The writing of this period has not been deciphered as yet, so many of our questions about this culture remain unanswered. It is the art of the Indus Valley civilisation that provides vital clues to understanding it. As with any culture, art provides a glimpse of the political, social and religious ethos that underlies it.

Animals such as bulls, elephants, bisons, rhinoceroses and crocodiles are depicted in a highly naturalistic manner, even within the small space of the seals. Different breeds of bulls can be distinguished in these representations. One of the most fascinating seals from Mohenjodaro is the one depicting a man sitting cross-legged on a seat.

The posture is very significant. The splayed arms with the palms held over the knees and the crossed legs are formal gestures, very similar to yogic asanas, or postures, and mudras, or gestures. The torso is serrated with diagonal markings, which give the appearance of a tiger’s skin.

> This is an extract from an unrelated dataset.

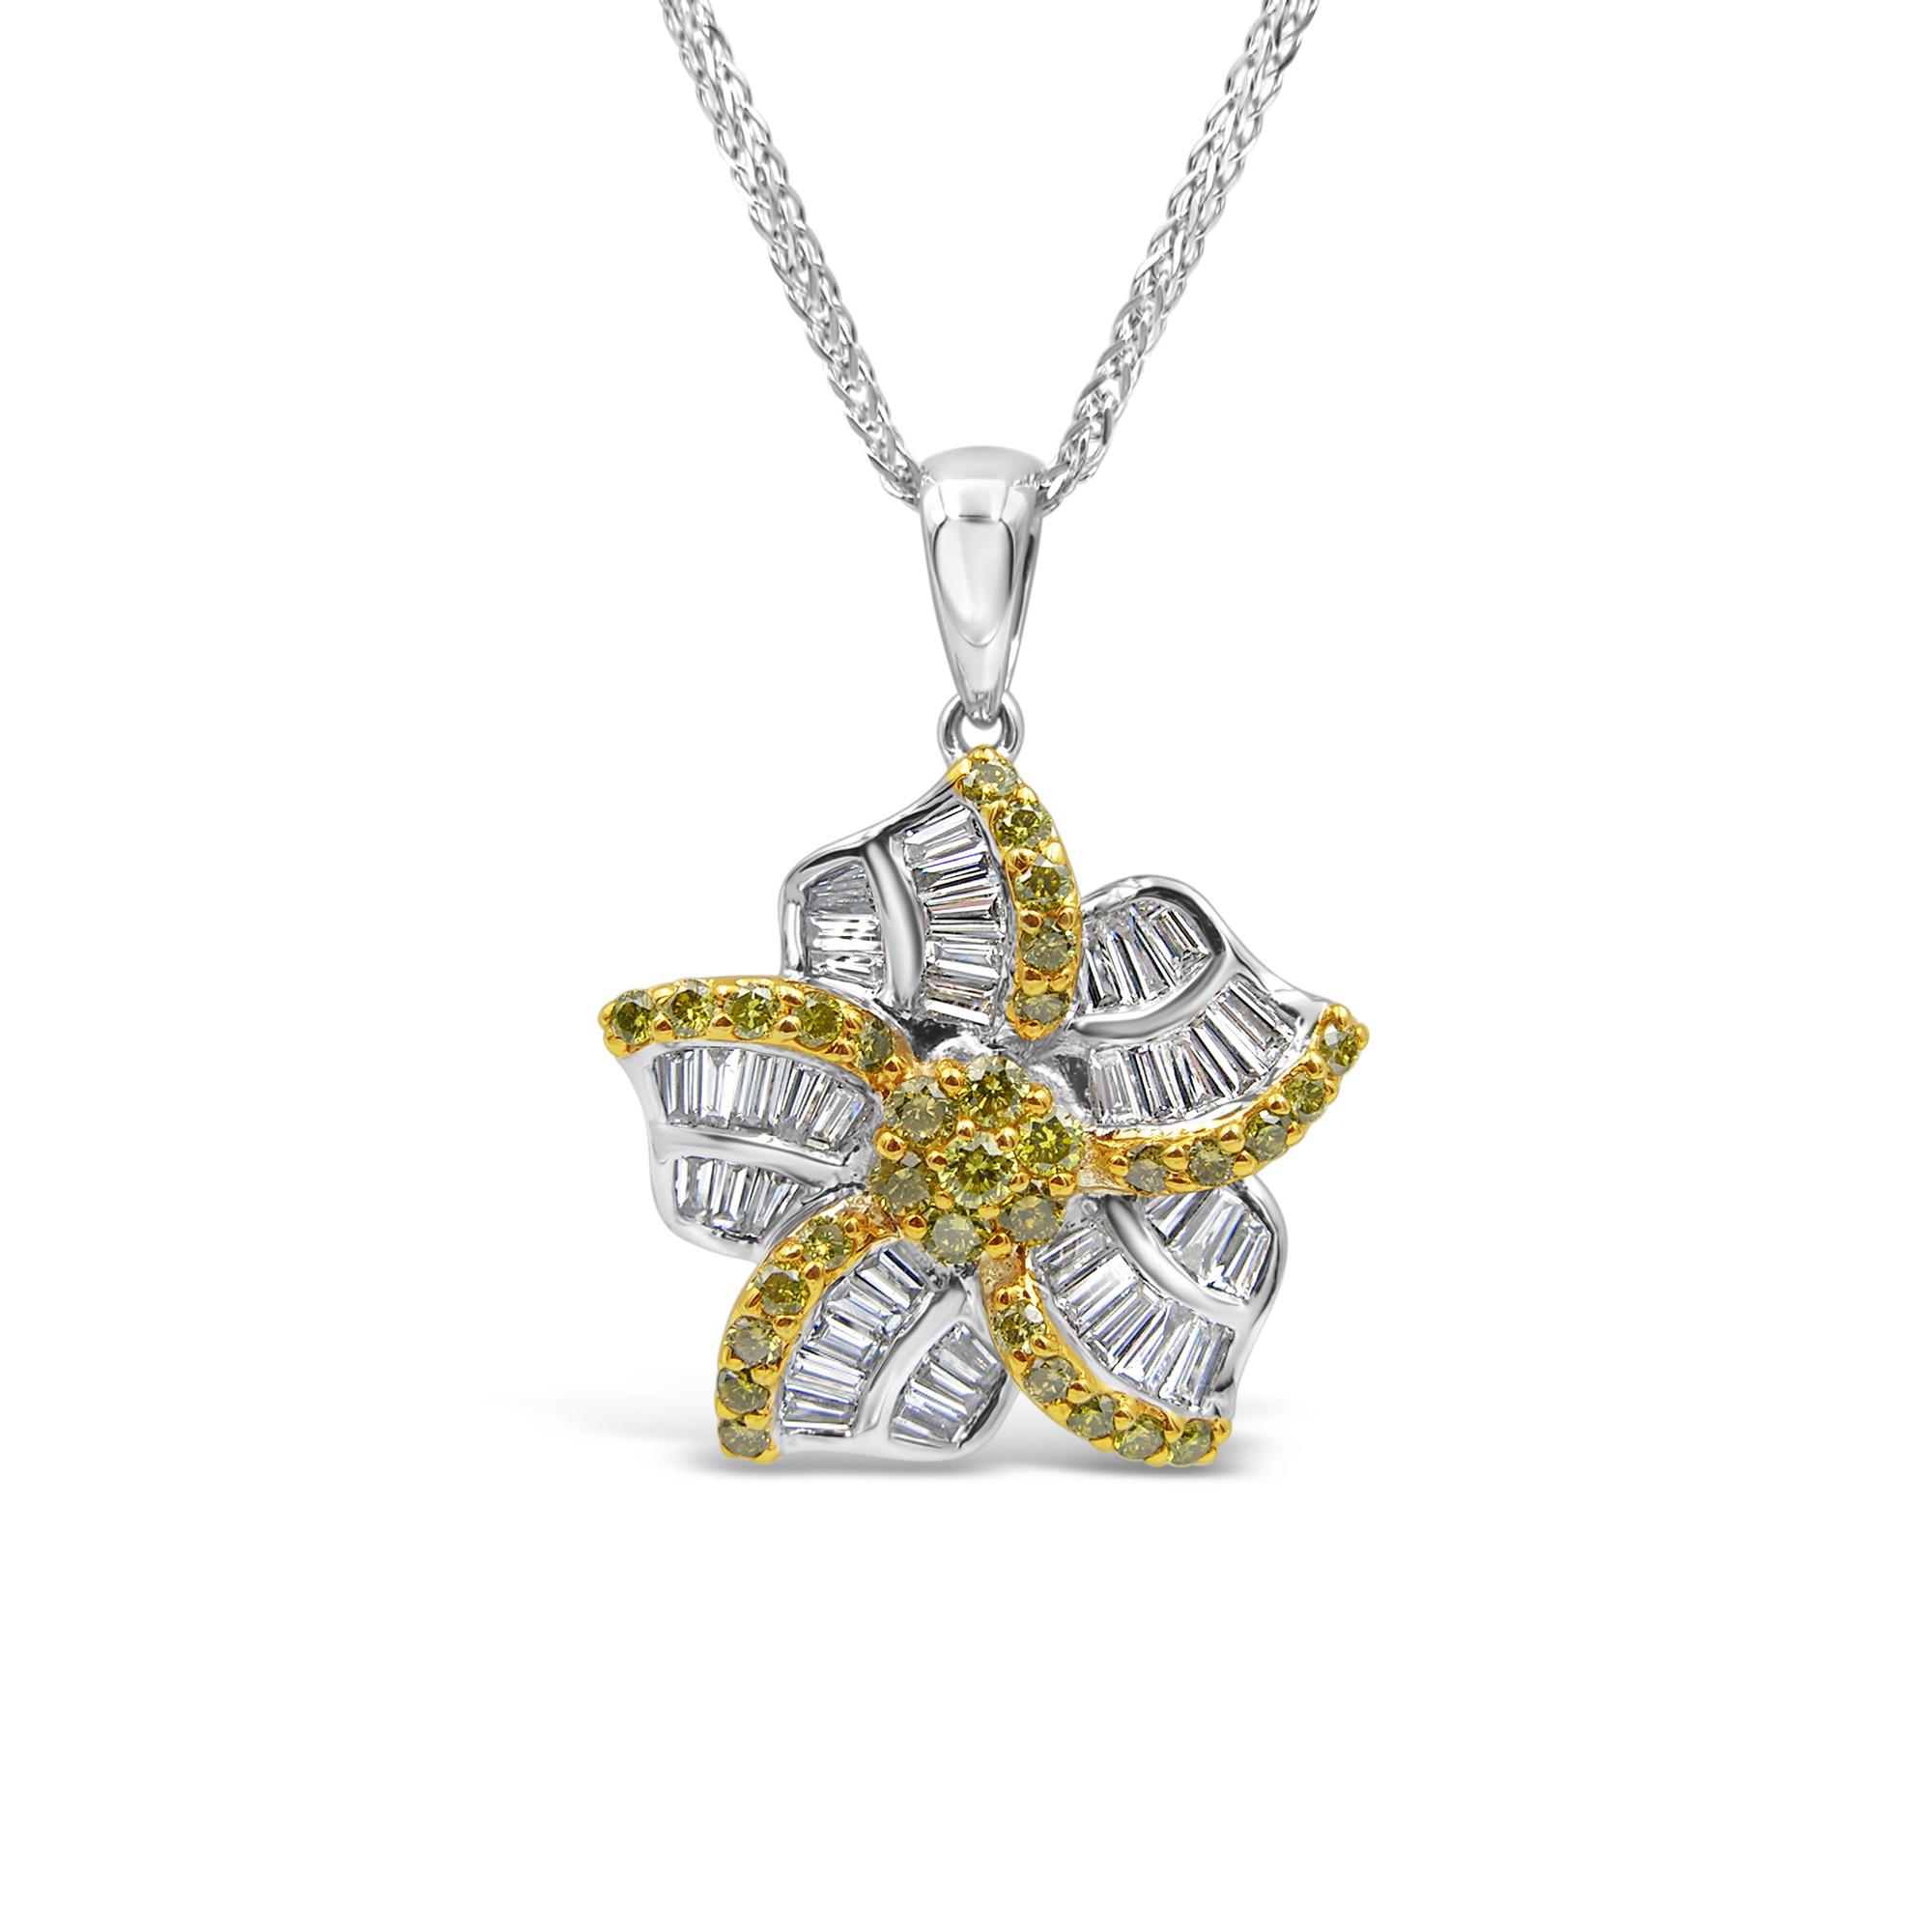 18k white gold pendant with 1.50 ct diamonds

The figure is flanked by several animals, leading some to identify him as a prototype of the later Siva, who is also known as Pashupati, or the Lord of Beasts. The seat on which he sits indicates his high rank. Animal figures are made on the seat, as is seen in the depictions of seats of deities in later Indian art. Such seats, as well as the other elements of this depiction, are very similar to the images of Hindu and Buddhist deities in later Indian art.

The artefacts that have been excavated from the Indus Valley civilisation are unique in their small scale. No monumental sculpture has been found. All the art objects, whether in terracotta, stone or metal, can be described as being on a human scale. This is surely also related to the fact that no palaces or other monumental architecture has been found. All excavated evidence points to the existence of a cooperative system and not a conventional kingship. Monumental structures and art that displayed royal authority only followed much later in the Indian subcontinent.

The high level of the development of art can also be seen in the use of a variety of materials. The artist was not merely using those materials that were most readily available to him in the area. Instead, specific artistic and aesthetic choices were made, and objects were fashioned from pliant terracotta to hard stone and metal.

A variety of styles were also in vogue in the Indus Valley art. These range from the highly naturalistic to abstract and stylised forms. The naturalism that is seen in the depiction of animals on the seals is matched by the vitality of the stylised figure of the Dancing Girl. Approximately 10 centimetres in height, this tiny figure stands with one hand on her hip.

The body is composed of long tube-like limbs. She is shown resting her weight on one leg in a very natural fashion, as in the contrapposto techniques of later sculpture. The jaunty manner and liveliness of the figure are remarkable. The figure has been depicted unclothed but adorned with heavy ornaments.

Around 1700 B.C., with changes in the course of the rivers, many of the settlements in the river valleys had to be given up. In this period, populations began to move south into Gujarat and also eastwards into the valleys of the river Ganga.

From the early river valley civilisation onwards, we see the foundations of the art of one of the oldest civilisations of the world. We see a vision of the world and the roots of a culture that has survived for more than 5,000 years. It is a culture based upon the belief of an underlying unity of the whole of creation. Joyous surrender to the natural order, rather than assertion and control over the forces around us, marks the vision of life and art in the centuries to come.